I kind of thought there was code in ICU that would infer the correct numbering systems from the dateFormats elements, but it looks like I’m wrong about that.  So what’s the party line here (if there is one)?  You can kind of fake the desired behavior by initializing a date formatter with one of the standard formats and then applying the pattern you want on top of that.  There’s also a constructor for SimpleDateFormat that lets the client pass in a number-override string.  But in either case, you’re relying on the client code to know what they’re asking for— it’s not an inherent part of the pattern you’re asking for (which you hopefully got out of a DateTimePatternGenerator).  Am I missing something, or is that the answer— that the client has to know which overrides they want and ask for the right thing?  Is there a better answer?

If that’s the party line, I think we need something better.  I’d propose something like this:

1. In the long term, I think we need some kind of enhancement to the pattern language for date/time formats that lets the numbering system be part of the pattern.

2. In the medium term, the area where my team is feeling the pain right now is with day-of-the-month names.  We have calendars that use names, not numbers, for days of the month, and the current mechanisms suck for that.  I think we should have day-name resources that work like the current month-name and day-of-the-week-name resources and use “ddd” and “dddd” in patterns to get them.

3. In the short term, we can probably add code to SimpleDateFormat to infer the correct override string.  I’m thinking something similar to what Peter did for date+time patterns, where he used the length of the month field in the date pattern to decide which length of date+time pattern to use.  We’d use the length of the month field to decide which dateFormats element to get the “numbers” attribute from.

I’ll file one or more tickets, but I wanted to start the discussion in email first to get a sense of how people were feeling about this issue.  Please let me know what you think…

—Rich

Shane Carr

unread,
Sep 8, 2025, 9:31:30 PMSep 8
to Rich Gillam, icu-design, design-wg (CLDR)
Applying the attribute to the whole pattern seems like the wrong thing.
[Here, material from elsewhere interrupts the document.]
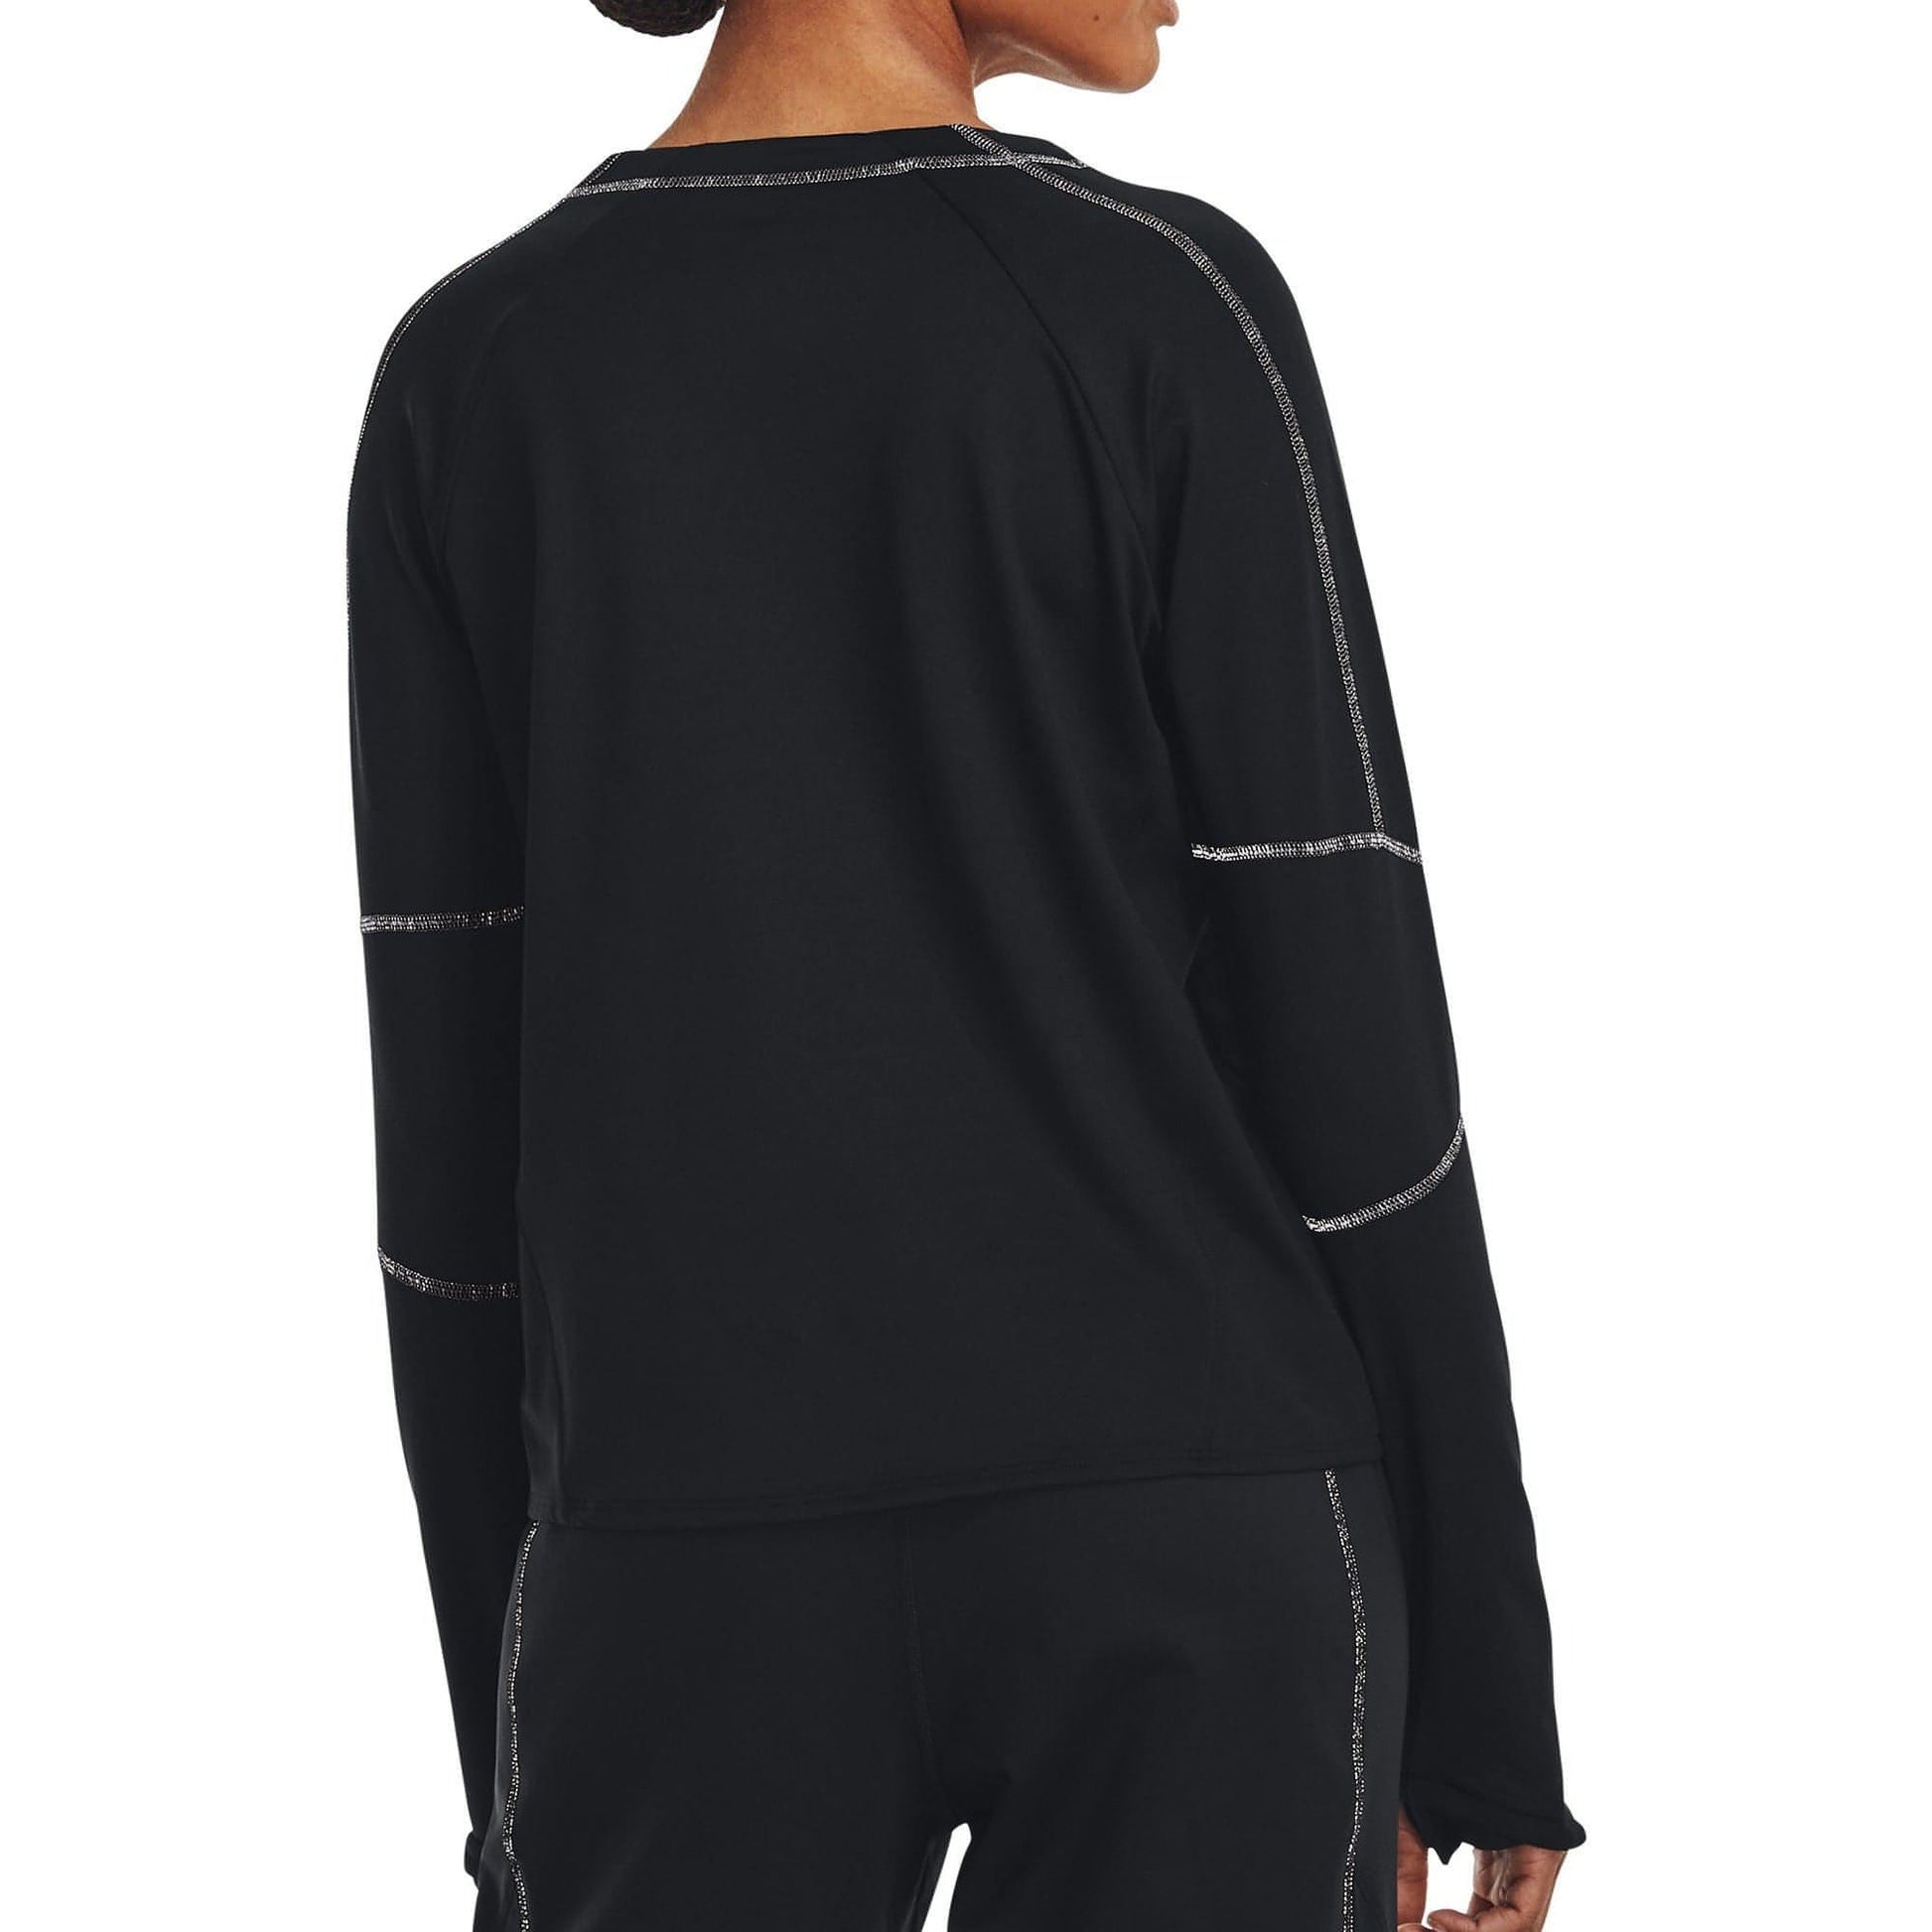 Under Armour Cold Weather Crew Sweatshirt Back View
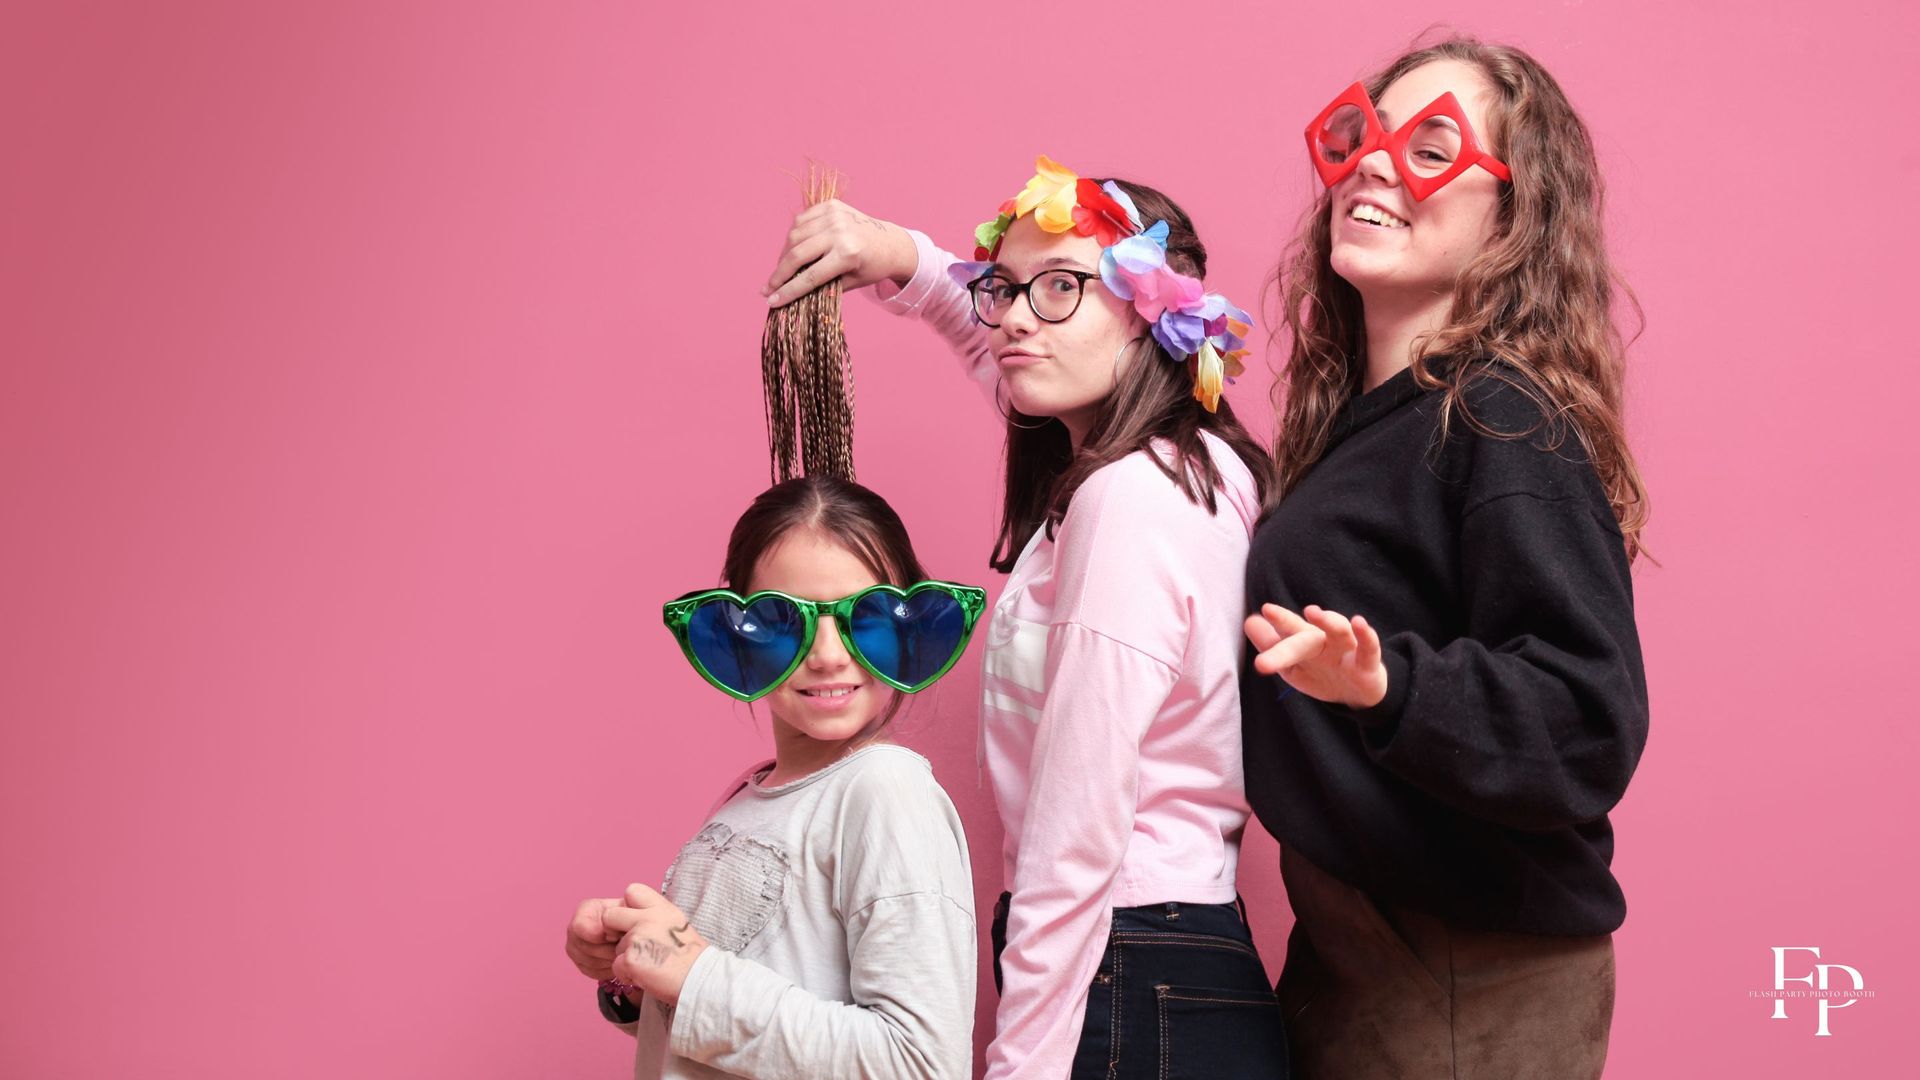 Sisters make silly poses with Flash Party's photo booth props during a birthday party.

It should be a field-specific override: it makes sense that certain fields (like month) would use a different numbering system than other fields (like year). I think I recall us discussing syntax such as "y{hanidec}M{latn}d{latn}". This might be what you're referring to in your "long term" solution.

In ICU4X, we model this as a private-use field length. For example, we might define field length 16 to be numeric hanidec. Note: ICU4X doesn't ship RBNF for date formatting; we instead pre-compute the strings at build time (for days and months, there aren't very many strings, and I believe no one currently uses an algorithmic numbering system for years). This sounds a bit like your "medium term" solution, just formalizing the specific widths into the CLDR spec.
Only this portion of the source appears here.